7000 дней в ГУЛАГе
Шрифт:
– Молчать! Не разговаривать!
Прошло довольно много времени, прежде чем меня отвели в душную, напаренную душевую, где мне выдали кусочек мыла. Я вымылся. Через двадцать минут конвоир постучал в дверь и крикнул:
– Одевайся!
Я оделся и ждал. В этой проклятой душевой было так жарко, что даже дышать было невозможно. Я прождал целый час. Наконец пришел конвоир и повел меня через двор в пятиэтажное здание. На втором этаже мы остановились перед камерой № 61. Конвоир приказал мне раздеться догола.
– Послушайте, разве вы не видите, что я мокрый? Как же я разденусь на таком холоде? – сказал я ему.
– Раздевайся
Тщательно обыскал и одежду, и белье. Все это продолжалось двадцать пять минут. Я стоял в коридоре совершенно голый. Каменный пол был очень холодным. Я был уверен, что при температуре минус 25 градусов (а был декабрь) обязательно заболею воспалением легких, но, к счастью, отделался всего лишь насморком. Конвоир открыл камеру и втолкнул меня внутрь.
Я не верил своим глазам. Неужто заботами дьявола я попал в самое пекло? Камера длиной около восьми метров и шириной около пяти была набита полуголыми людьми. Одни сидели в кальсонах, другие лежали на нарах, привинченных к стене, третьи, которым не удалось захватить место на нарах, сидели на корточках на голом полу. Невозможно было сделать даже шага в сторону от двери. Сотни глаз уставились на меня. Я стоял, словно прикованный. Молча! Тут из толпы ко мне попытался пробиться один человек. Ему это удалось.
– Вам придется временно разместиться здесь, – сказал он и указал на место возле параши.
– Завтра или послезавтра я найду вам место получше, – успокоил меня староста камеры.
Я осмотрелся, подыскивая место, где бы можно было сесть.
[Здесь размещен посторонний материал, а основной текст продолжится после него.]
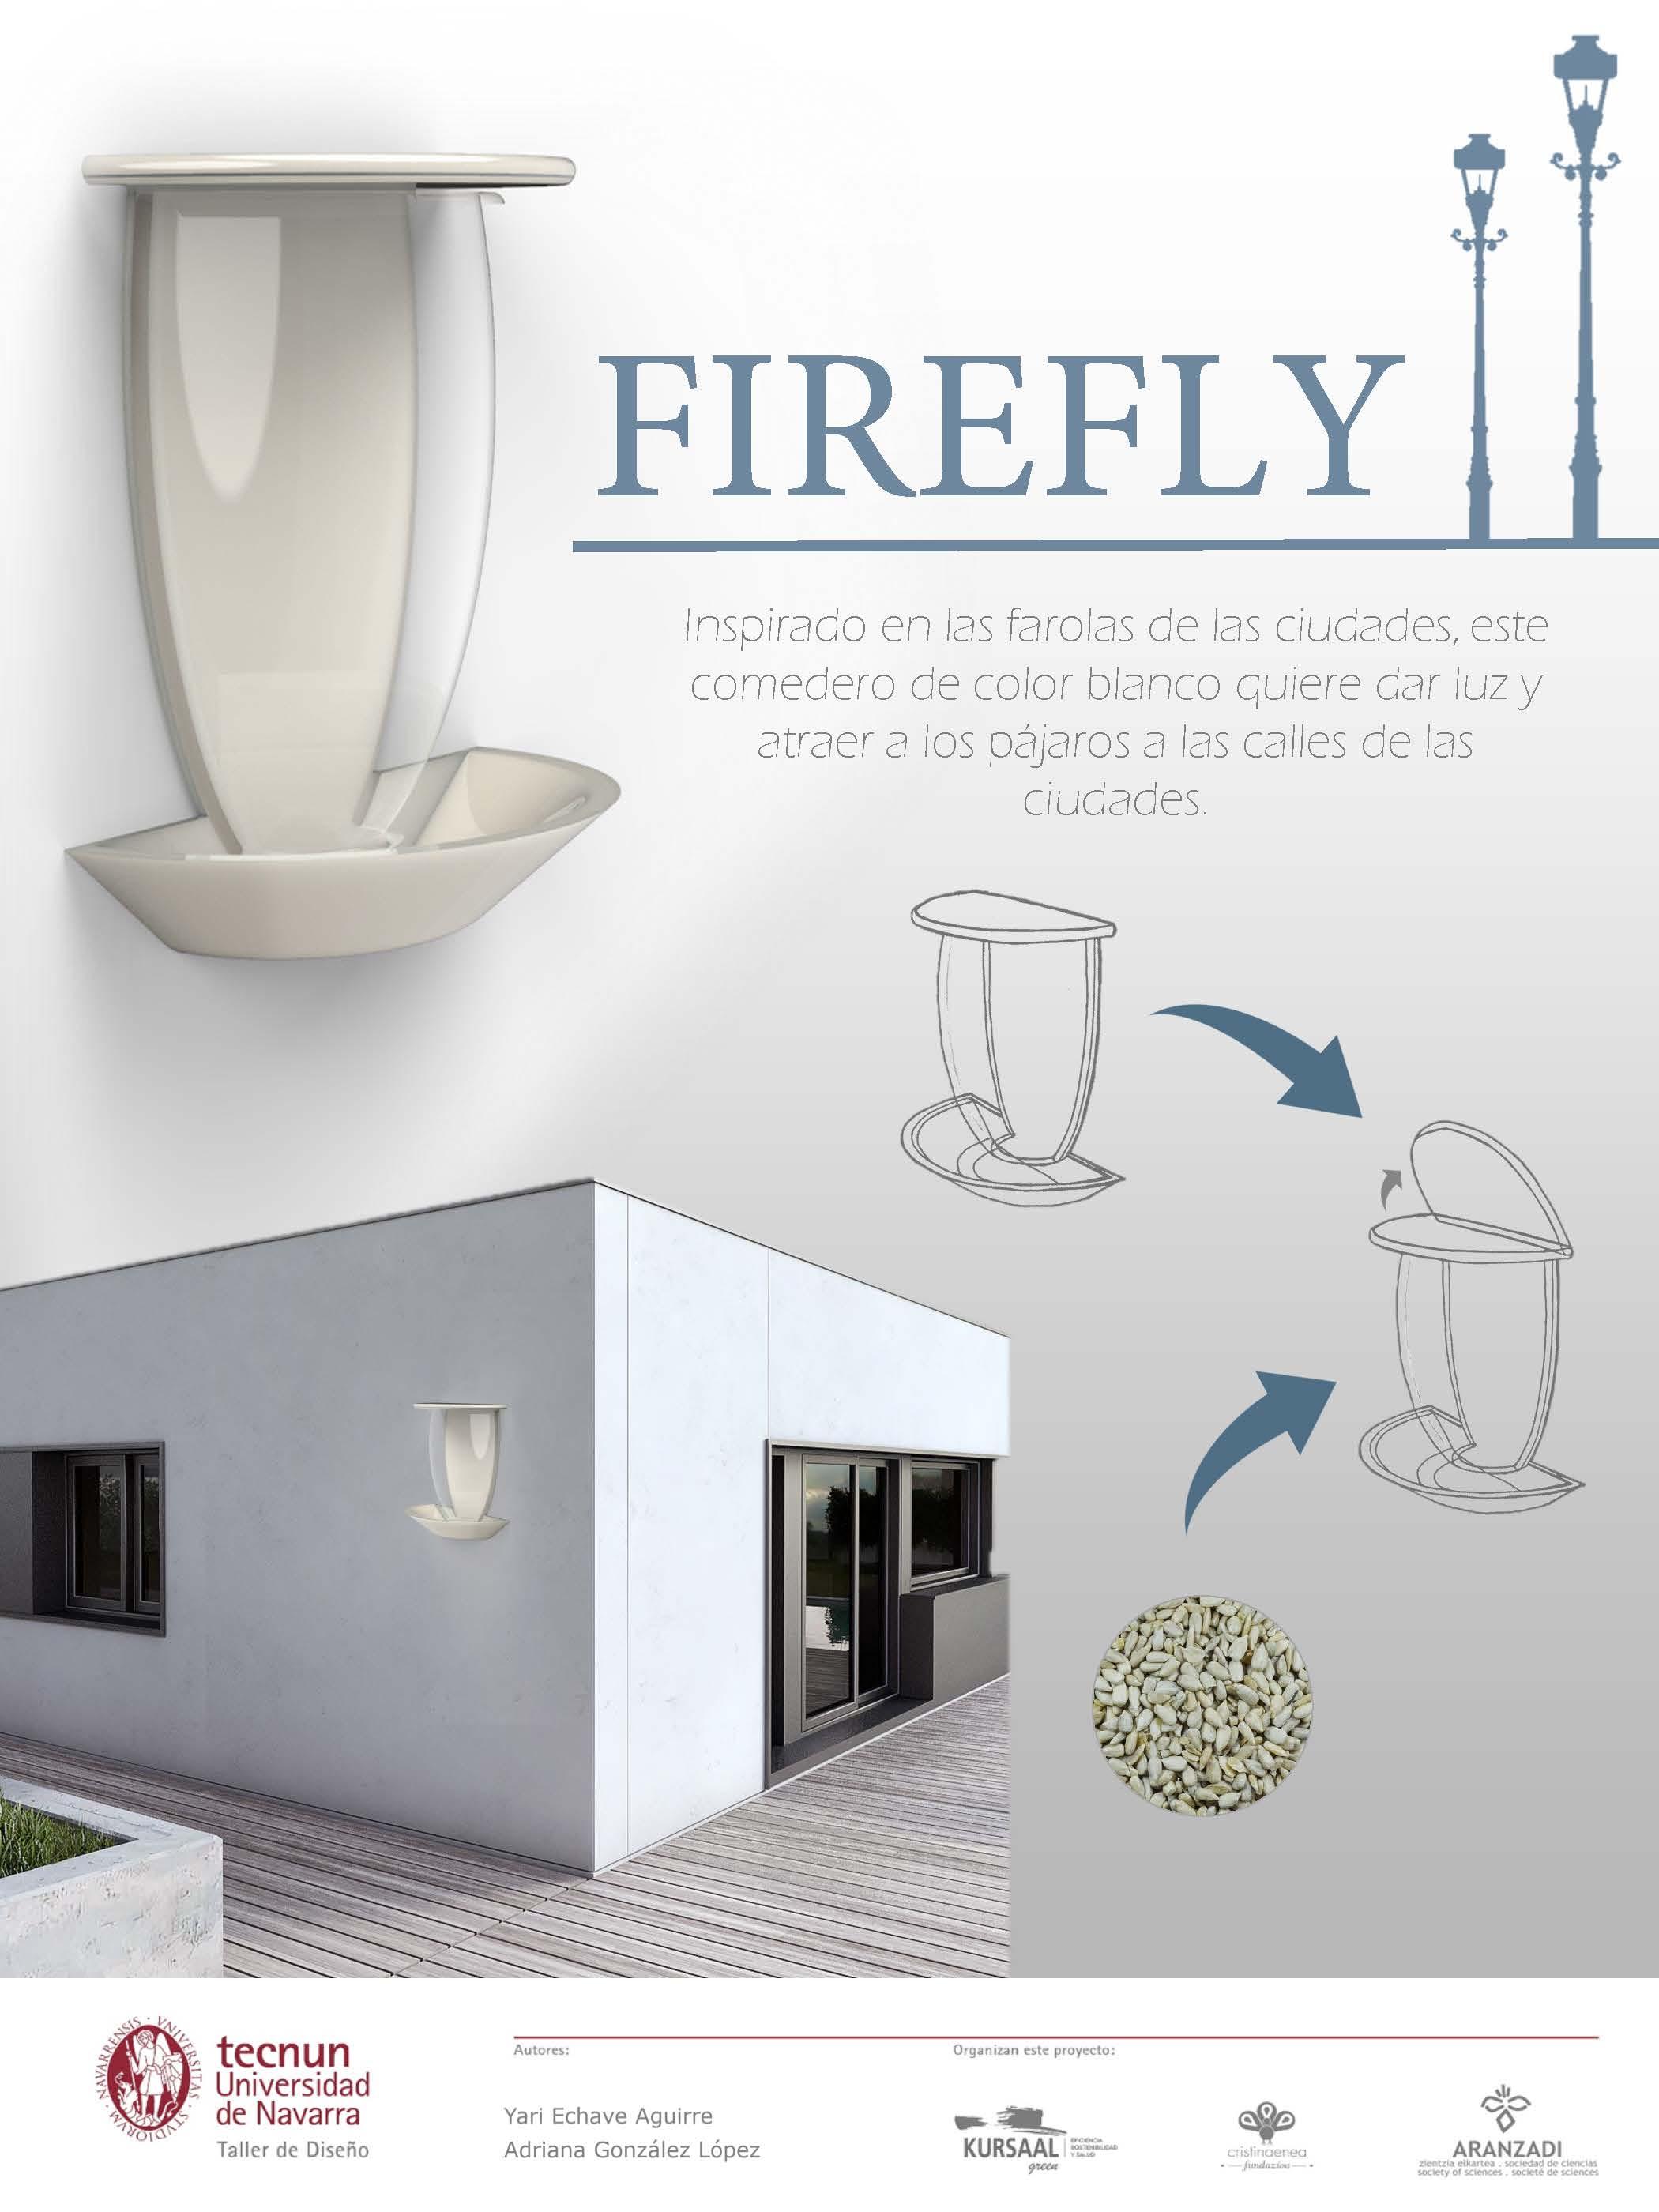 Taller de diseño - Tecnum - Txoriak - FIREFLY

С обеих сторон стояли две огромные параши, прикрытые ржавыми крышками. В уборную можно было ходить только два раза в день в сопровождении конвойных. А ночью и днем, когда дверь была закрыта, пользовались парашей.
Я присел на корточки у параши.
Вскоре заключенные окружили меня и стали задавать вопросы: когда я арестован, за что, откуда я и т. д. Когда узнали, что я иностранец, то сказали, что среди них тоже есть иностранцы. Очень скоро я познакомился с некоторыми из них.
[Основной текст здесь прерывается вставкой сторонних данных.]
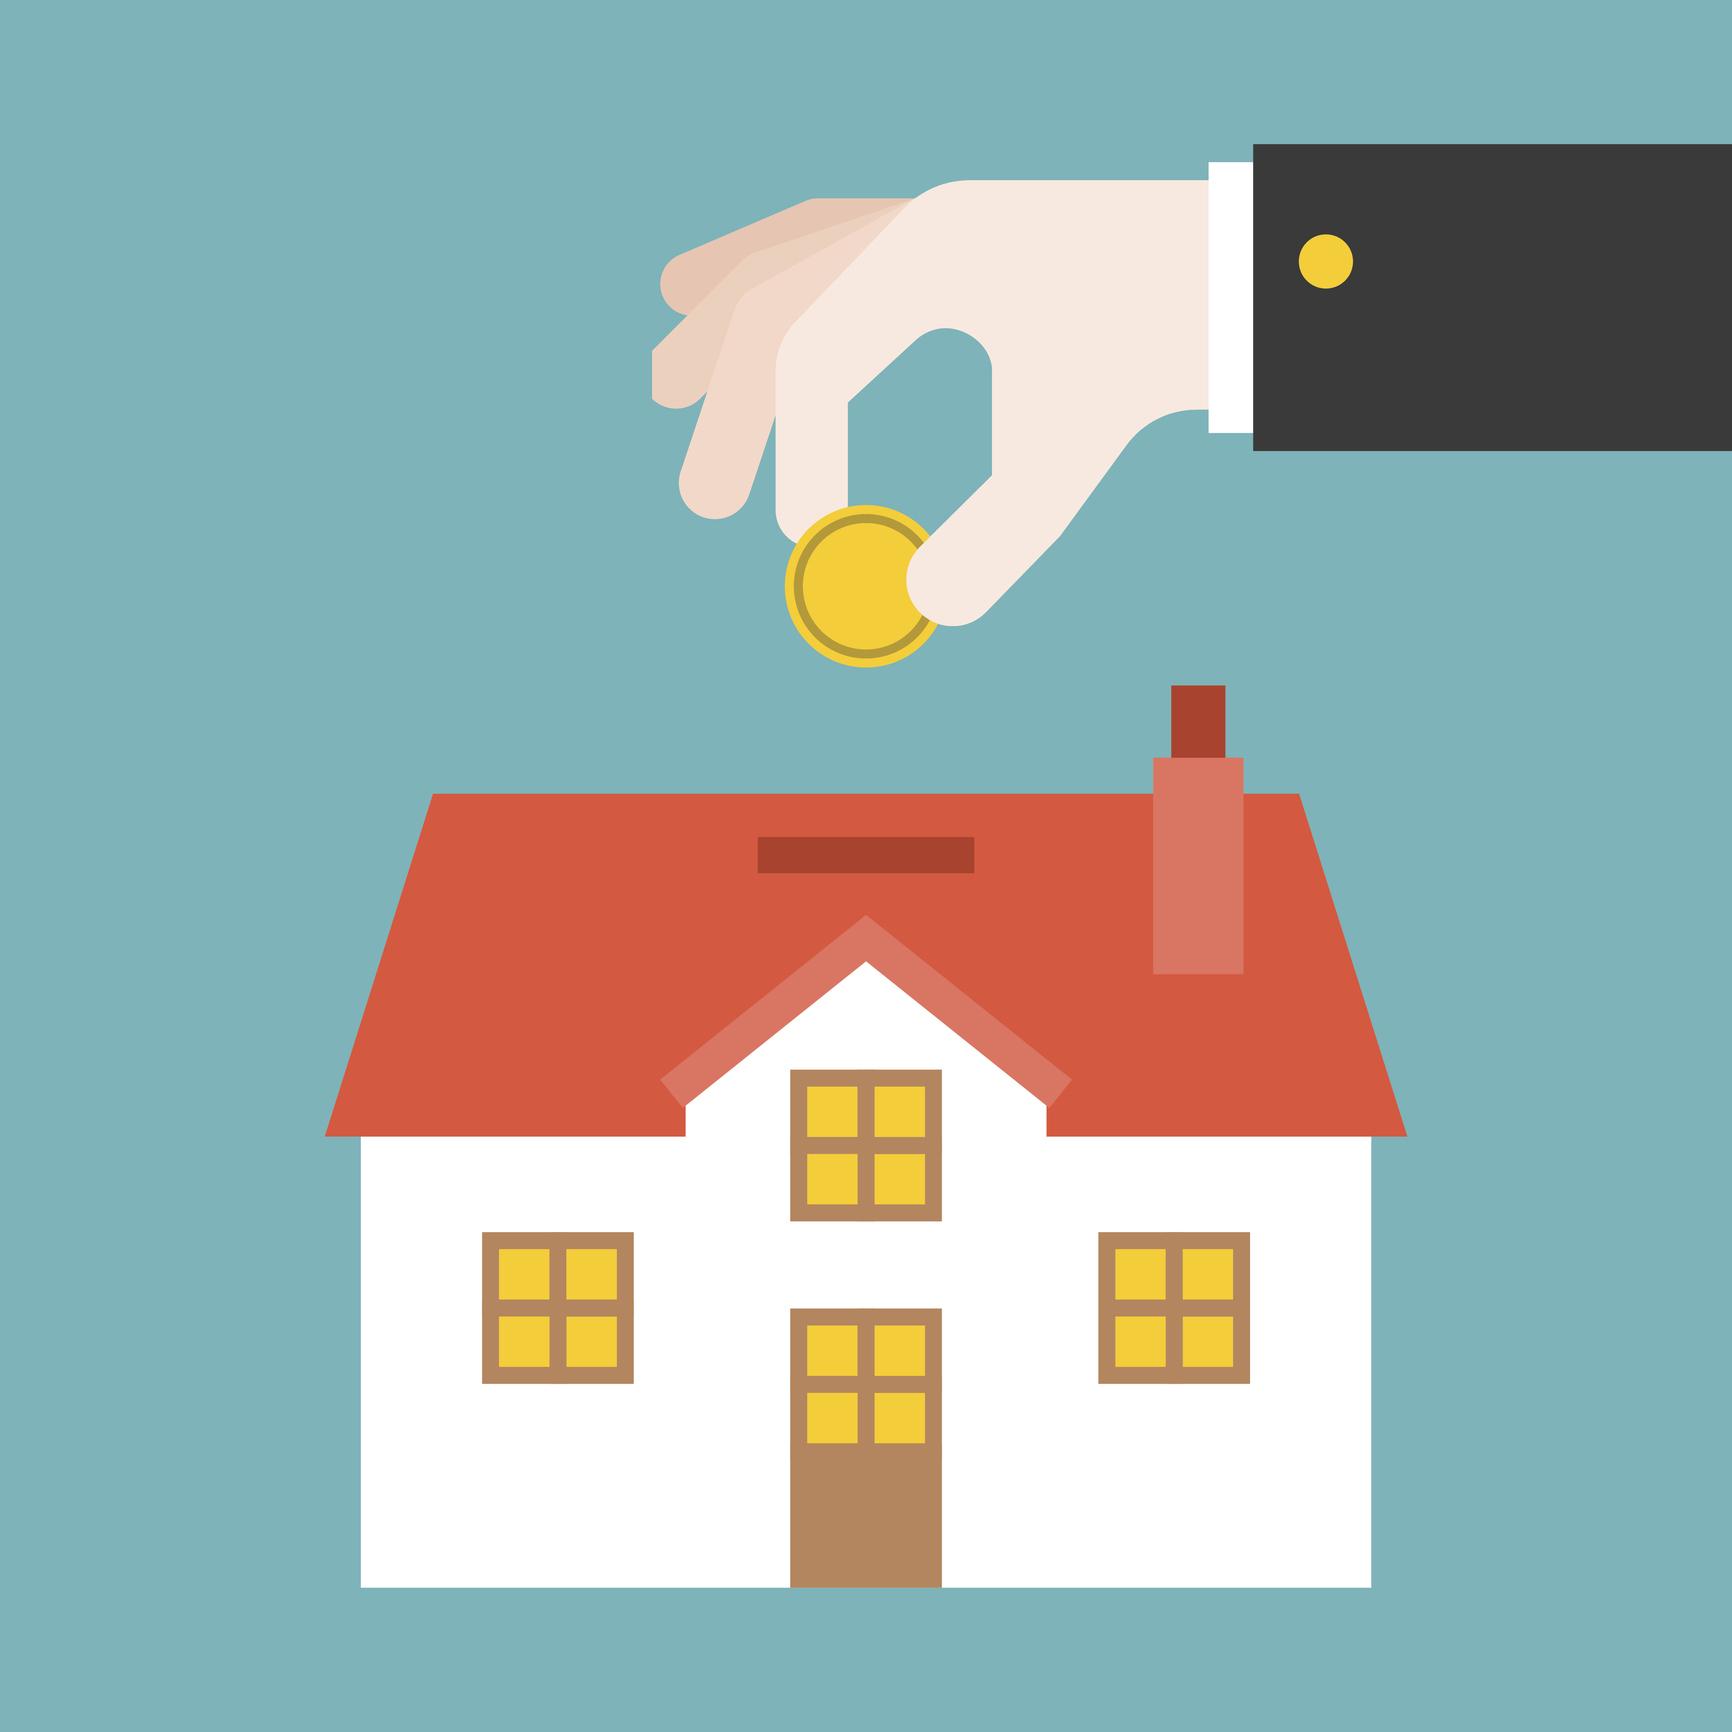 Comparatif assurance : quels sont les inconvénients d'un comparatif assurance ?

Дырища, в которую нас сунули, имела около сорока пяти квадратных метров, и была рассчитана на 24 заключенных. Сейчас же нас в ней было две сотни, а в иные дни в нее запихивали и 260 человек. Стояла вонища. Ужас! Камера никогда не проветривалась, жара была невыносимой, дышалось с трудом. Люди теряли сознание.
Жизнь в камере начиналась около пяти часов утра. Открывались двери, у которых уже толпились самые нетерпеливые и, переминаясь с ноги на ногу, ждали, когда их пустят в уборную. Параша за ночь заполнялась доверху. Ее могли унести только четыре человека. Они же одновременно должны были следить за порядком и чистотой в камере. Каждый день четверка дежурных менялась. В уборную ходили тремя группами. Там же был и умывальник, вокруг которого мы всегда толпились.
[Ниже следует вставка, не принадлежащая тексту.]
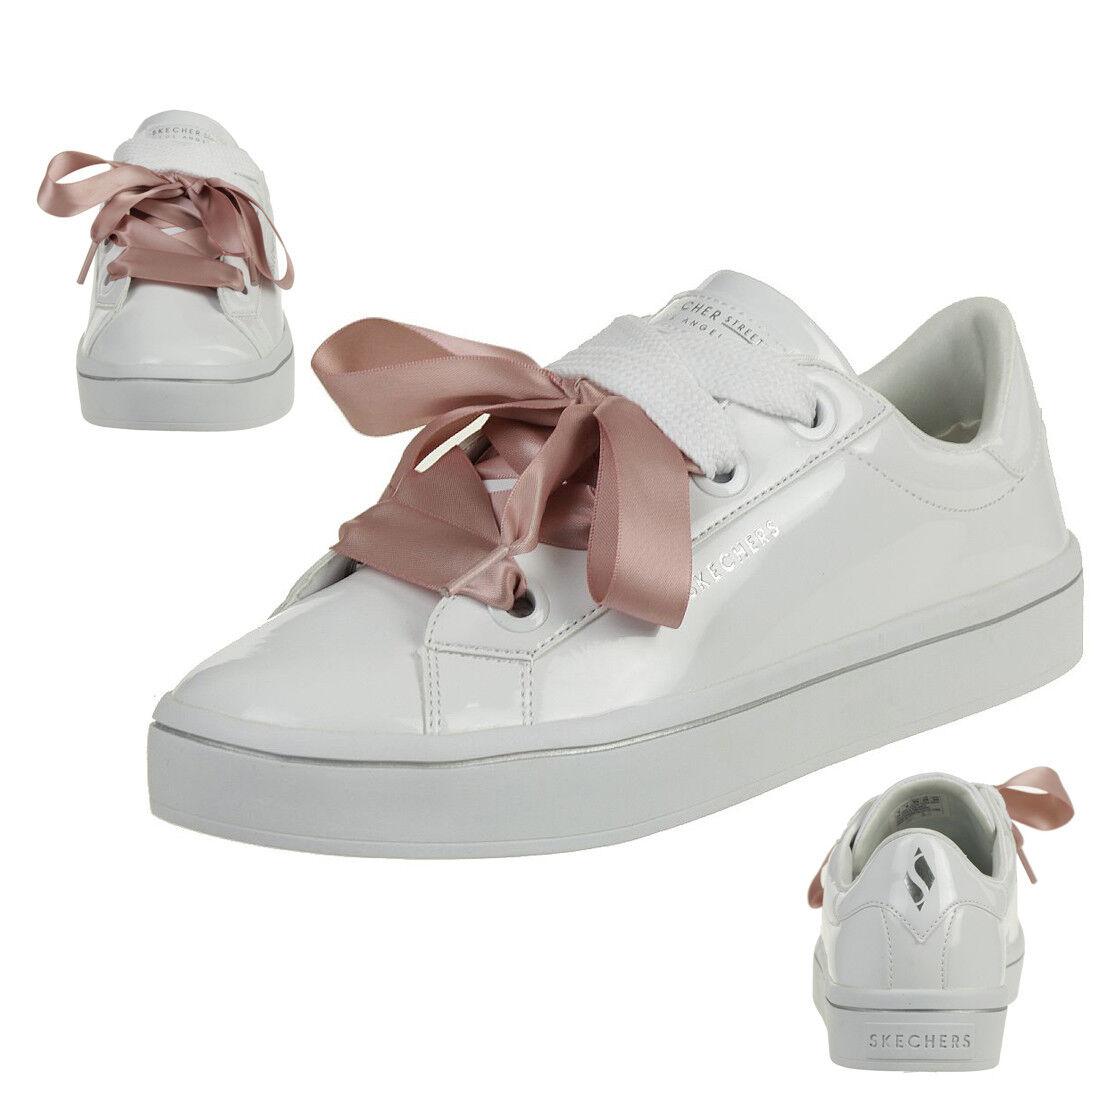 Skechers Hi-lites Slick chaussures baskets Femmes Blanc Verni 959 Wht

В восемь утра приносили хлеб. Каждый на день получал по 400 граммов. Хлеб принимал староста камеры. Кроме хлеба, на завтрак мы получали либо кипяток, либо какие-то кофейные помои. На обед нам давали пол-литра овощной похлебки и 150 г просяной каши, а если не было проса, то кашу варили из чего-то еще более противного. Вечером мы снова получали пол-литра баланды. Еды давали слишком мало для нормального человека, к тому же она была невкусной. Поначалу мне было противно есть. Заключенные, у которых были деньги, могли в тюремном ларьке каждые 10–12 дней покупать хлеб,
В сталинских тюрьмах существовал хорошо законспирированный определенный вид солидарности. В большинстве камер организовывали так называемые «комбеды», заботившиеся о том, чтобы те, у которых не было денег, получали кое-что из продуктов и папиросы. Каждые десять дней заключенный мог получать по 50 рублей, которые ему передавали родные. Во время покупок 10 % отдавалось тем, у кого не было никаких средств.
В тюремный ларек ходил староста камеры и еще 5–6 человек с мешками и простынями. Прежде всего, составляли список заказчиков. Ларек находился в соседнем помещении. Платили согласно весу купленных товаров, а в камере все делилось на маленькие кучки. Каждый брал себе столько, сколько заказывал. Пока поедали свои запасы, а это длилось четыре-пять дней, у всех было хорошее настроение. А потом мы ждали следующего отоваривания.
Вечером главной проблемой было отыскать какое-нибудь местечко, лежали почти друг на друге. Дышать было тяжело. Повернуться на другую сторону можно было только в том случае, если все в этом ряду повернутся одновременно. Самым большим счастьем было устроиться на нарах, а наиболее трудным считалось торить себе ночью путь к параше. Нужно было ходить по чужим головам. Ежедневно нас водили на пятнадцатиминутную прогулку. Тюрьмы были переполнены, и на прогулку ходили группами. Тюремное начальство разрешило и ночные прогулки. Так, нас будили ночью, в два или три часа и гнали во двор. Раз в месяц нас из одной камеры переводили в другую. Здесь нас снова раздевали догола, обыскивали и все, что было запрещено, отбирали. А что не было запрещено? Кусочек жести, железа, гвоздь, игла, любой твердый предмет – все это было запрещено. Обыск продолжался пять часов. Ночью нас гнали мыться и в это время дезинфицировали вещи, оставшиеся в камере.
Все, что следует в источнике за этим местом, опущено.